Material shown →
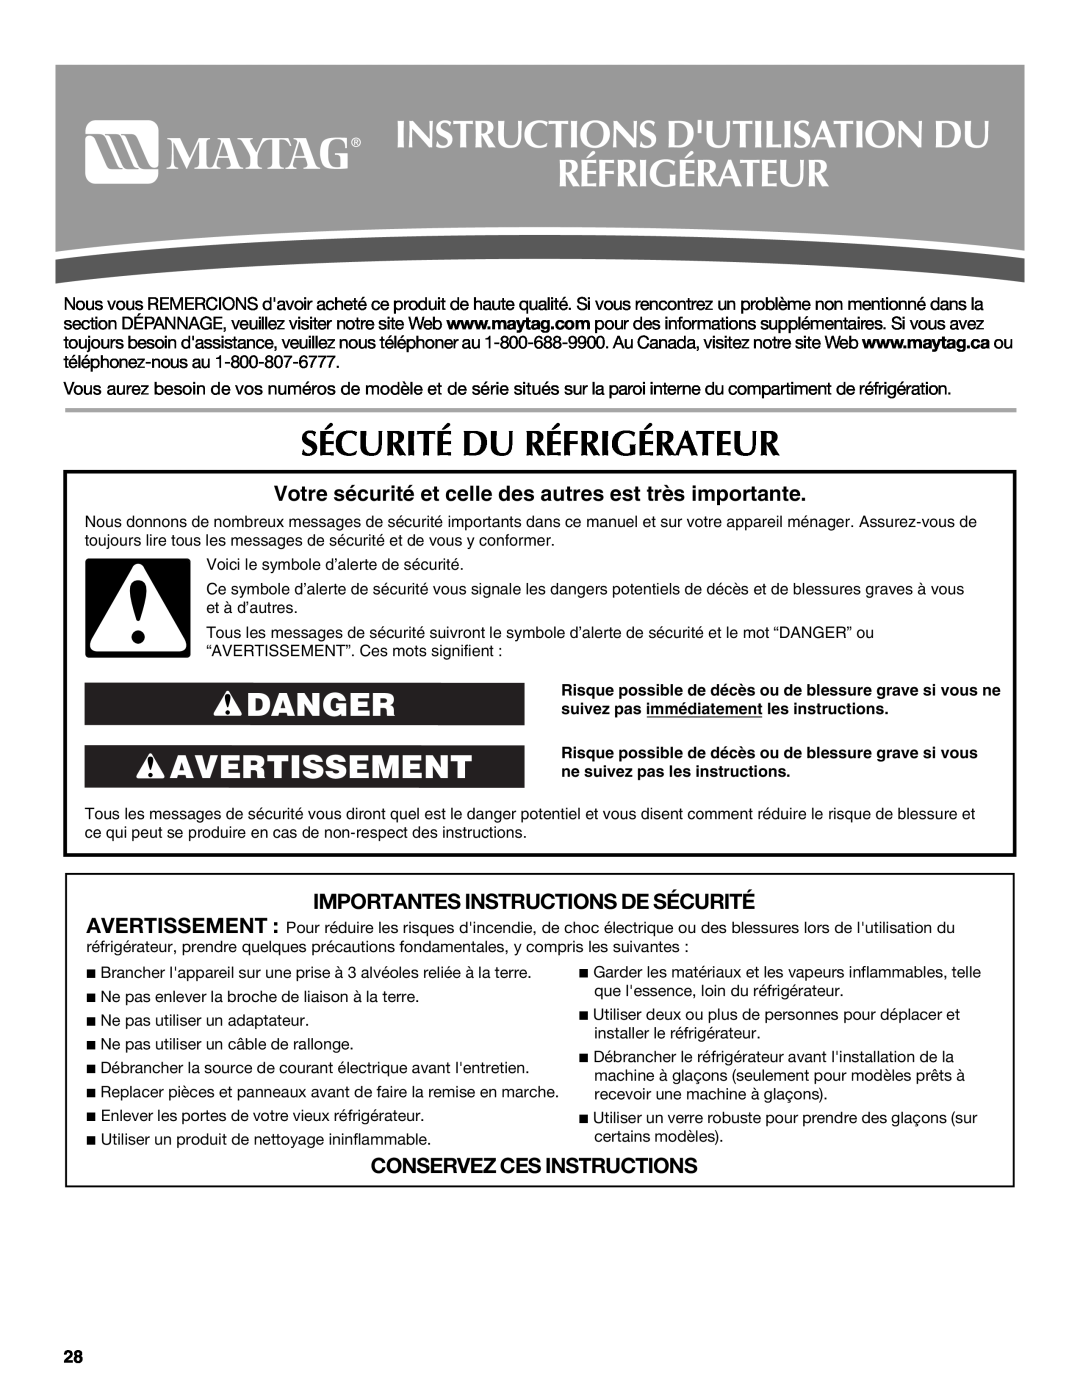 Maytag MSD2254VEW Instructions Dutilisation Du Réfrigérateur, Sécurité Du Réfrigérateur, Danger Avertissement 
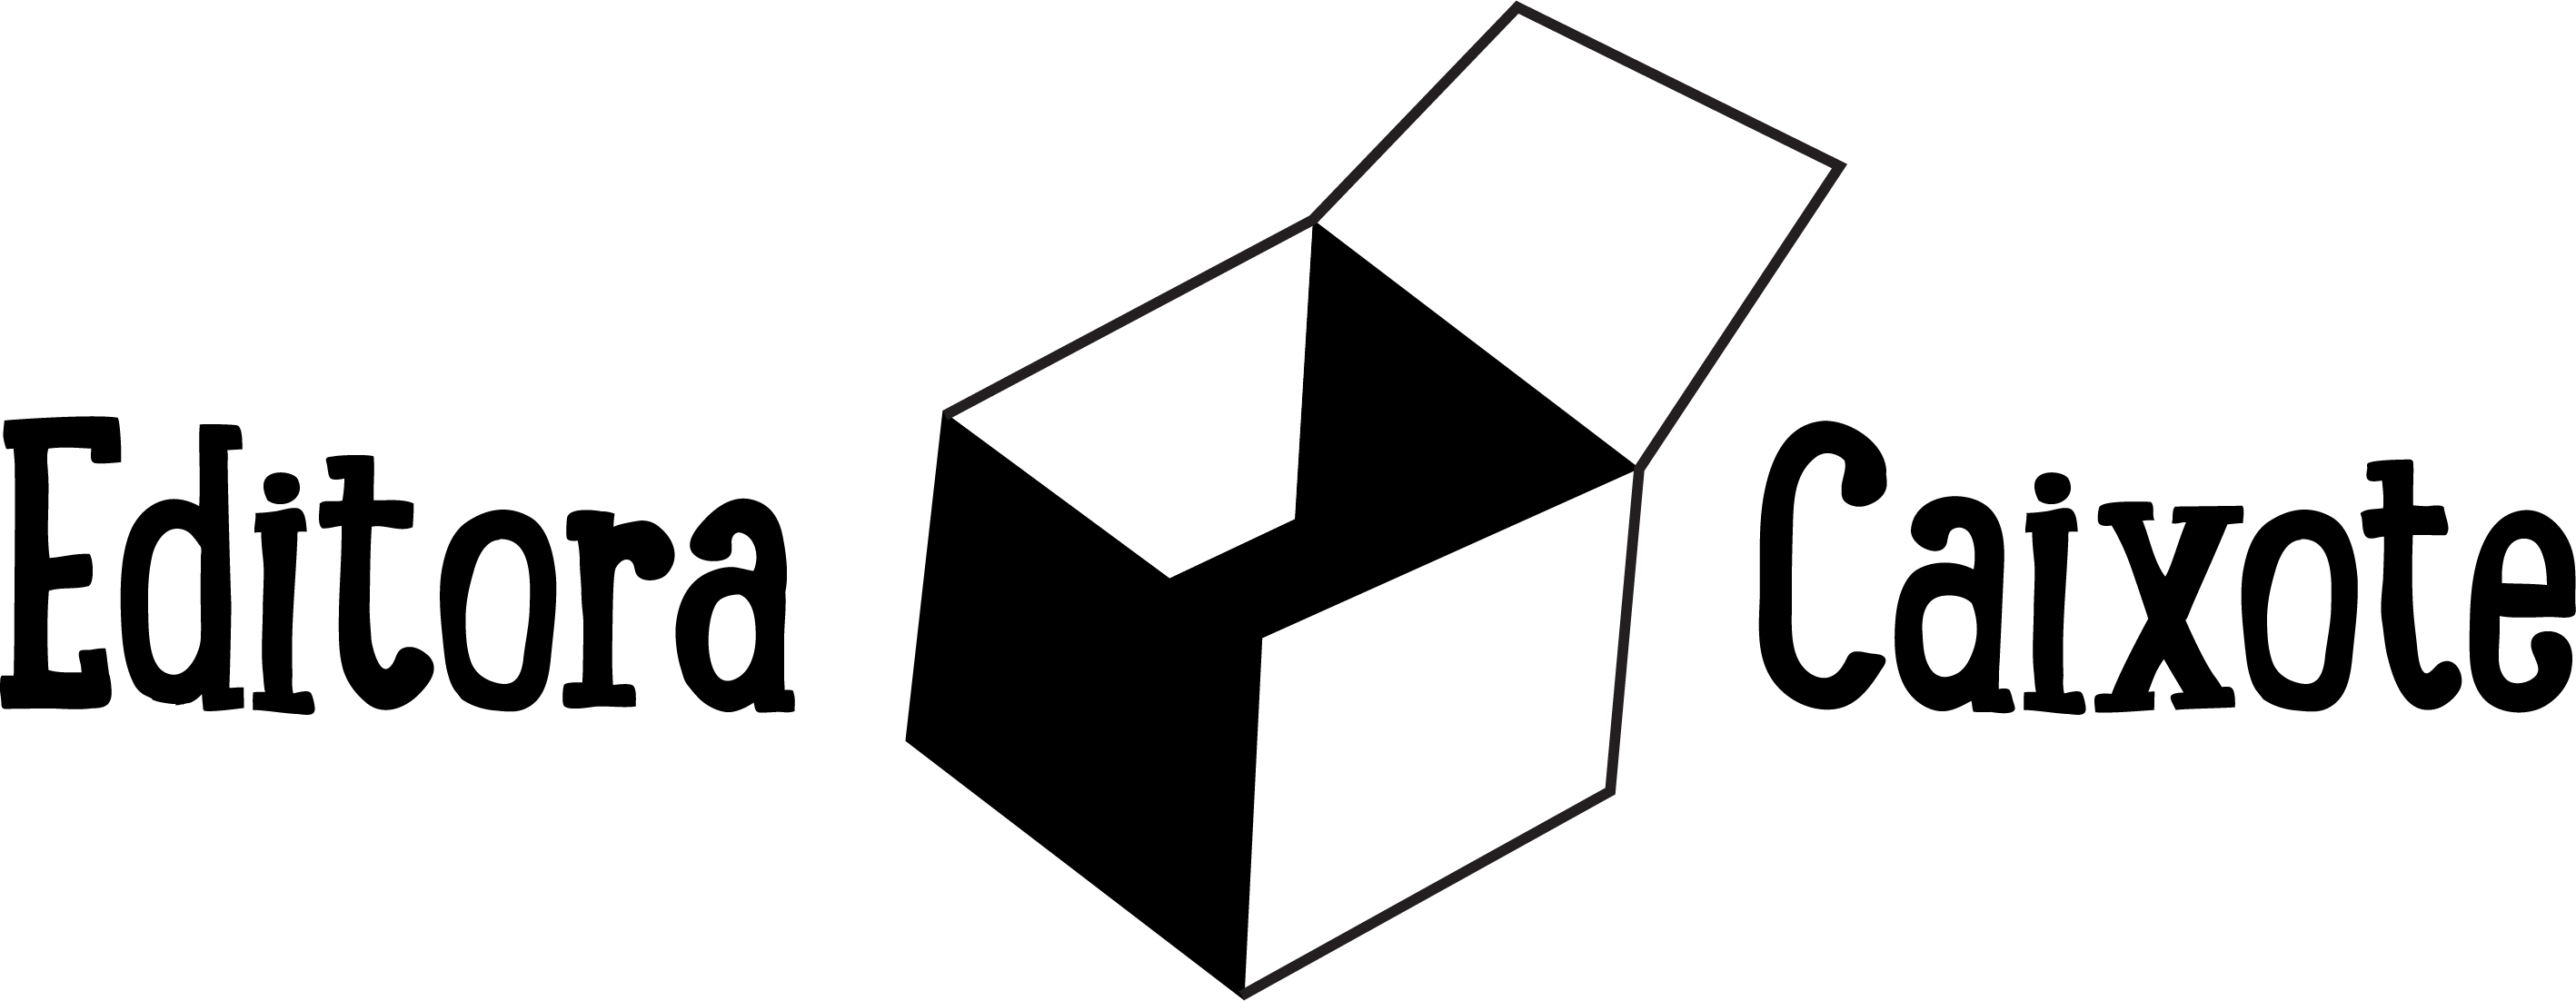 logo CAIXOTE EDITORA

---

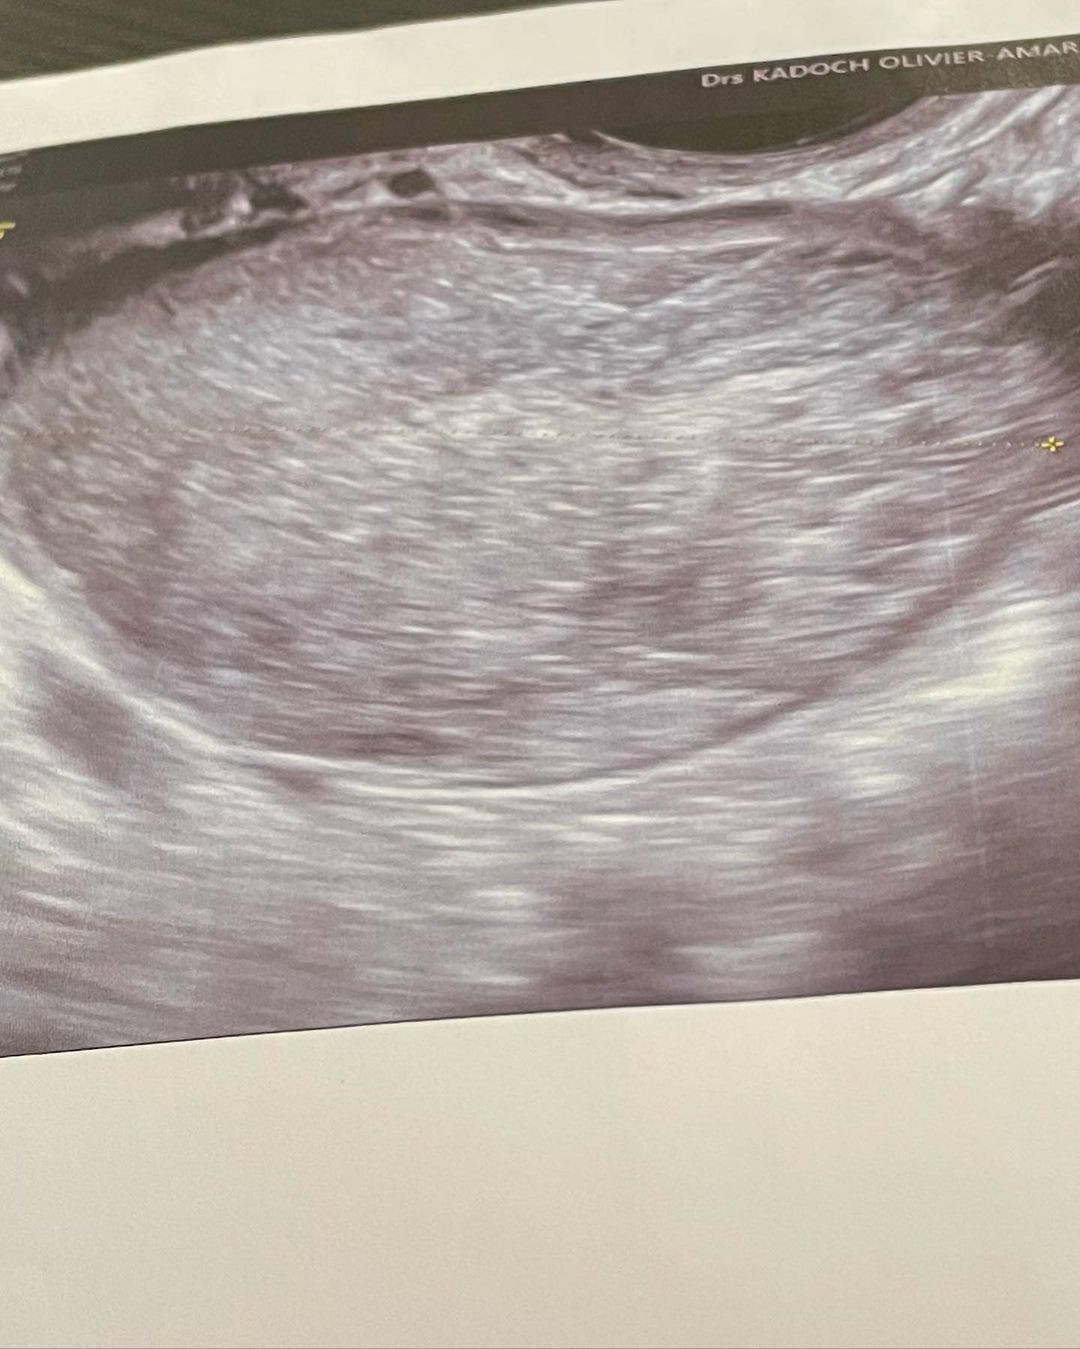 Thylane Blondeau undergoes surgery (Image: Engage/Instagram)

* * *

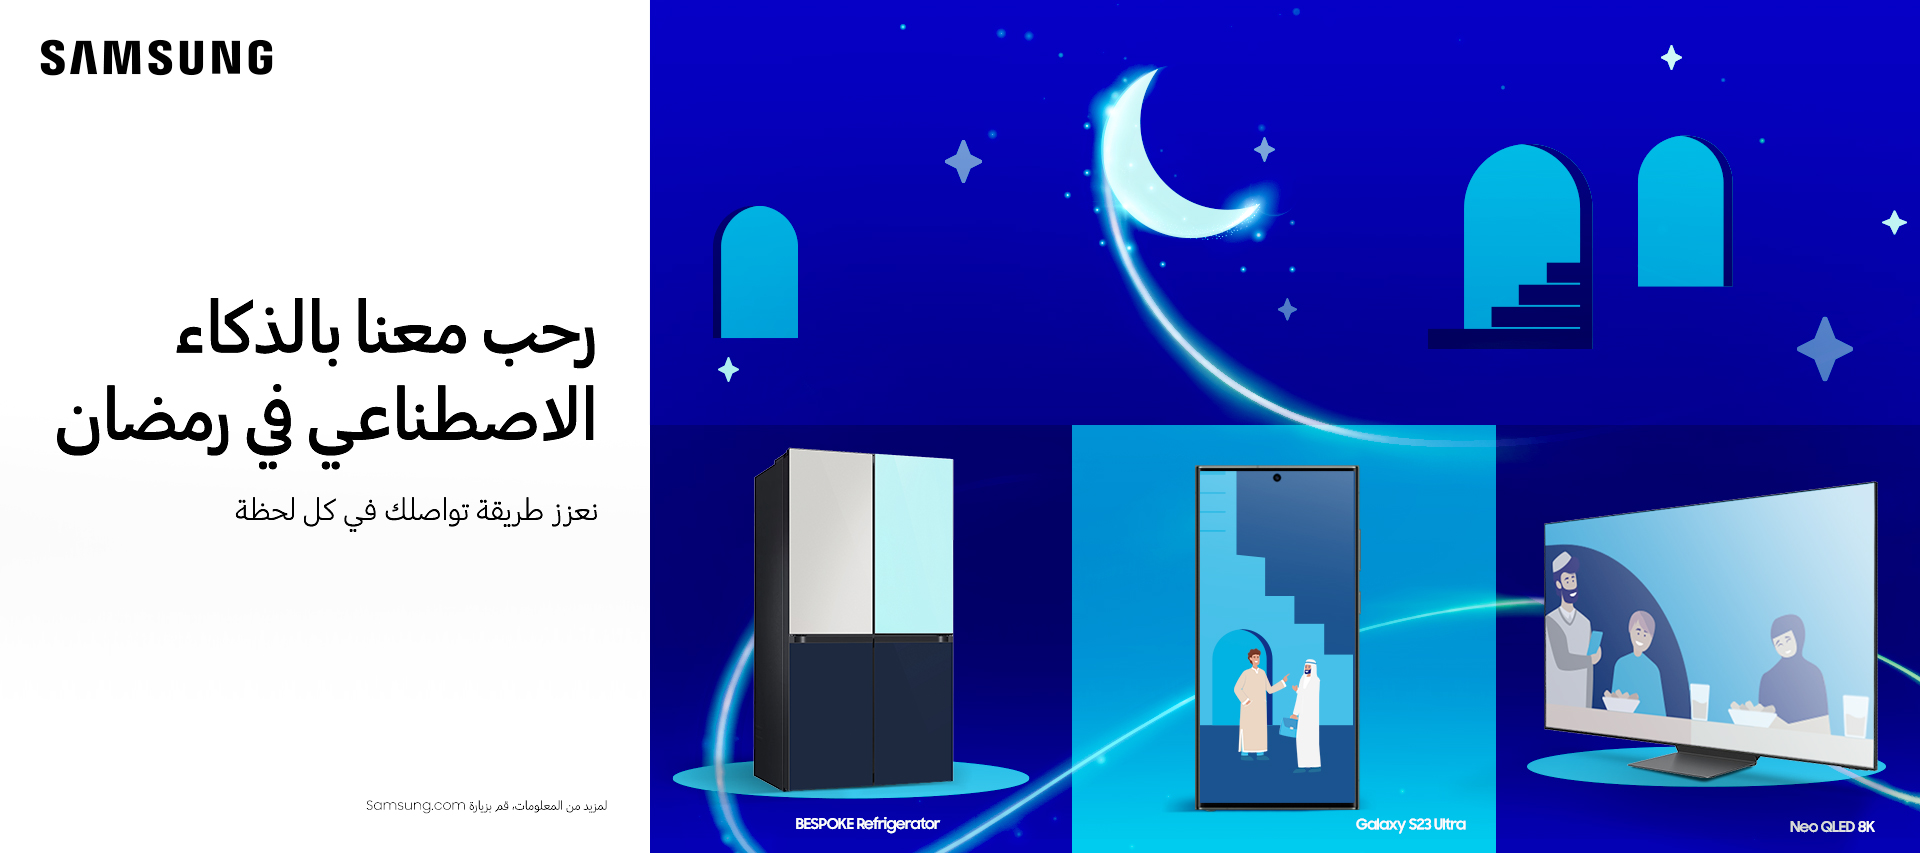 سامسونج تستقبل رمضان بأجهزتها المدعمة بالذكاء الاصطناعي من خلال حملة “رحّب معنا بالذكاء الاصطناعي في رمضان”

Exercise brief → Range to copy from the listing above: the line with "Maytag MSD2254VEW Instructions" through the line with "logo CAIXOTE EDITORA". Transcribe it exactly and skip the pictures.

Final answer →
 Maytag MSD2254VEW Instructions Dutilisation Du Réfrigérateur, Sécurité Du Réfrigérateur, Danger Avertissement 
 logo CAIXOTE EDITORA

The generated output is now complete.